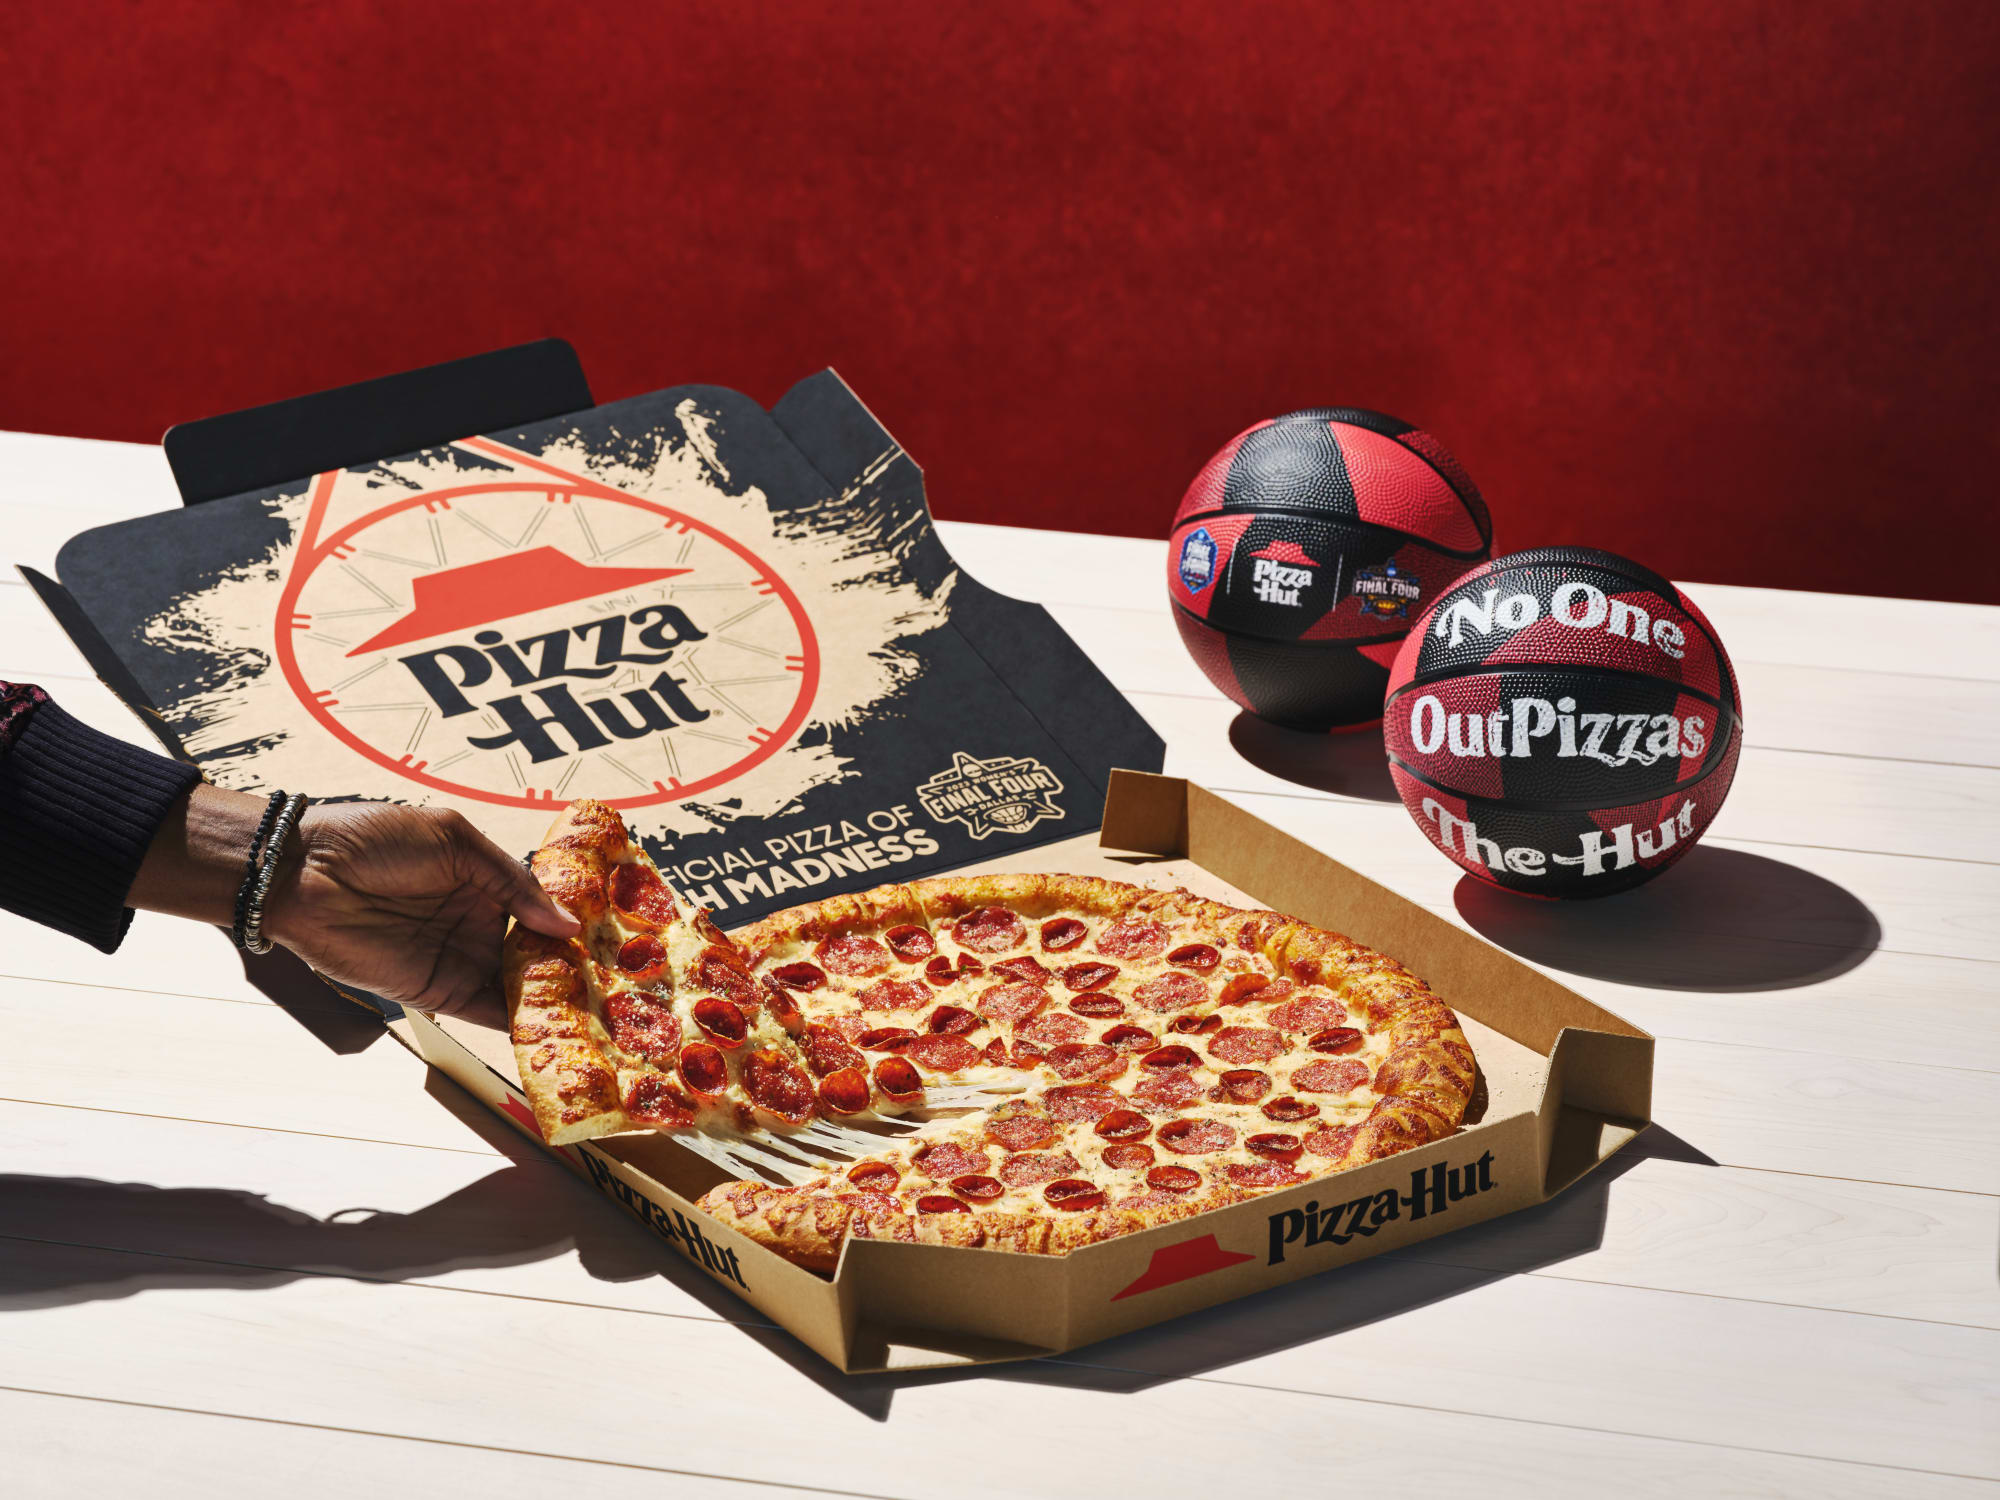 Pizza Hut shoots and scores with the return of its interactive
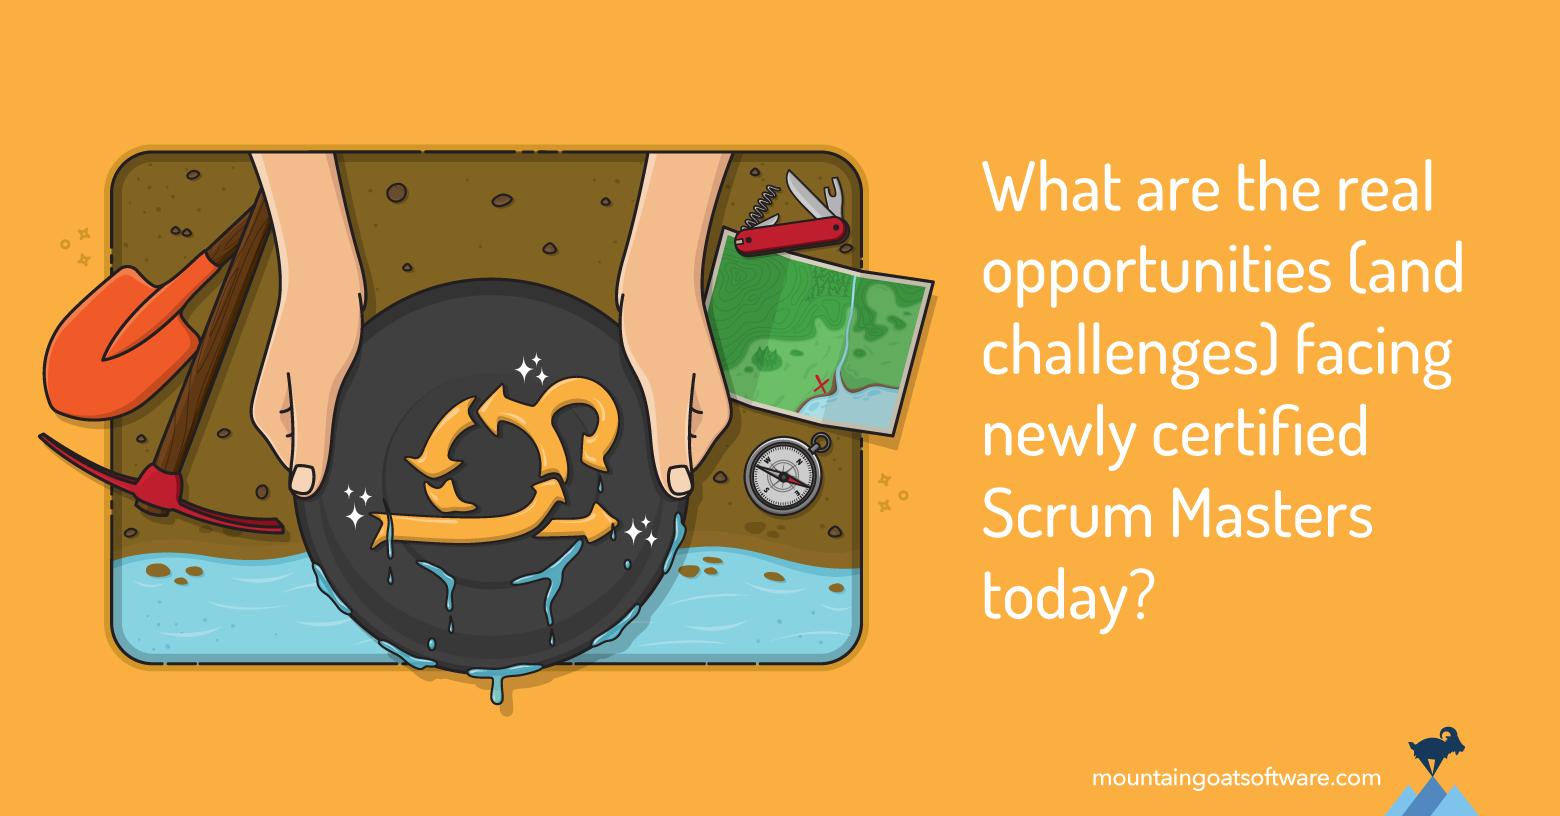 Is 2020 a Gold Rush Year for New Scrum Masters?
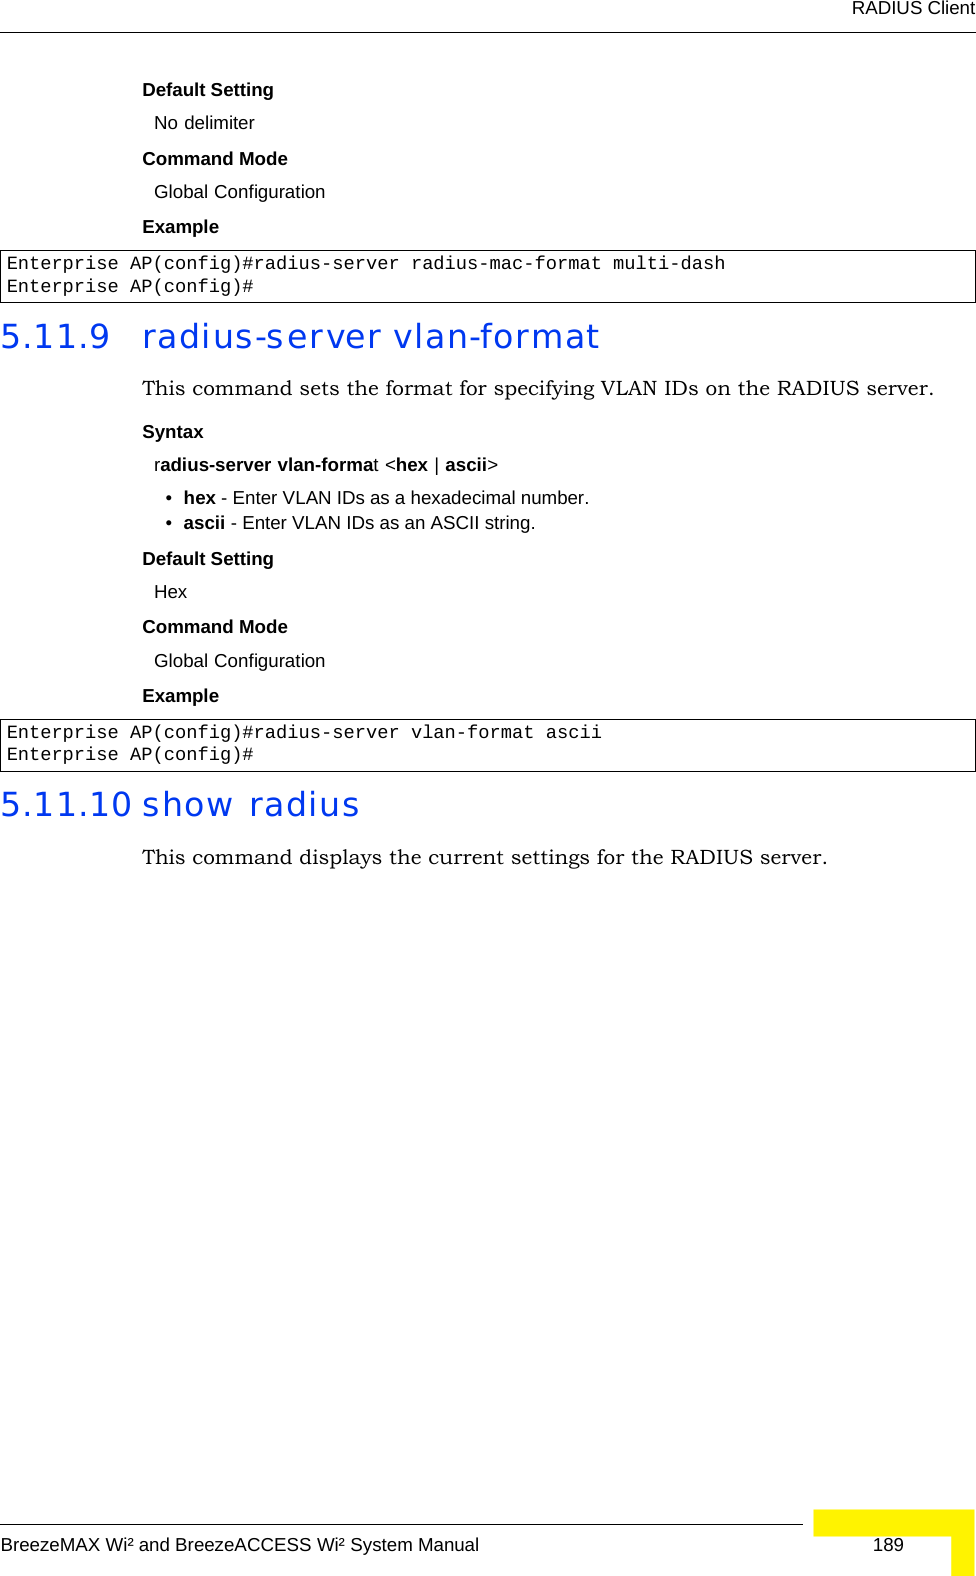 RADIUS ClientBreezeMAX Wi² and BreezeACCESS Wi² System Manual  189Default SettingNo delimiterCommand ModeGlobal ConfigurationExample 5.11.9 radius-server vlan-formatThis command sets the format for specifying VLAN IDs on the RADIUS server.Syntaxradius-server vlan-format &lt;hex | ascii&gt;•hex - Enter VLAN IDs as a hexadecimal number.•ascii - Enter VLAN IDs as an ASCII string.Default SettingHexCommand ModeGlobal ConfigurationExample 5.11.10 show radiusThis command displays the current settings for the RADIUS server.Enterprise AP(config)#radius-server radius-mac-format multi-dashEnterprise AP(config)#Enterprise AP(config)#radius-server vlan-format asciiEnterprise AP(config)#

WORK REQUIRED ▸
Exact repetition required: repeat the first line of the listing above, the line containing "Is 2020 a Gold", and every line between, leaving out pictures.

RESPONSE ▸
 Pizza Hut shoots and scores with the return of its interactive
 Is 2020 a Gold Rush Year for New Scrum Masters?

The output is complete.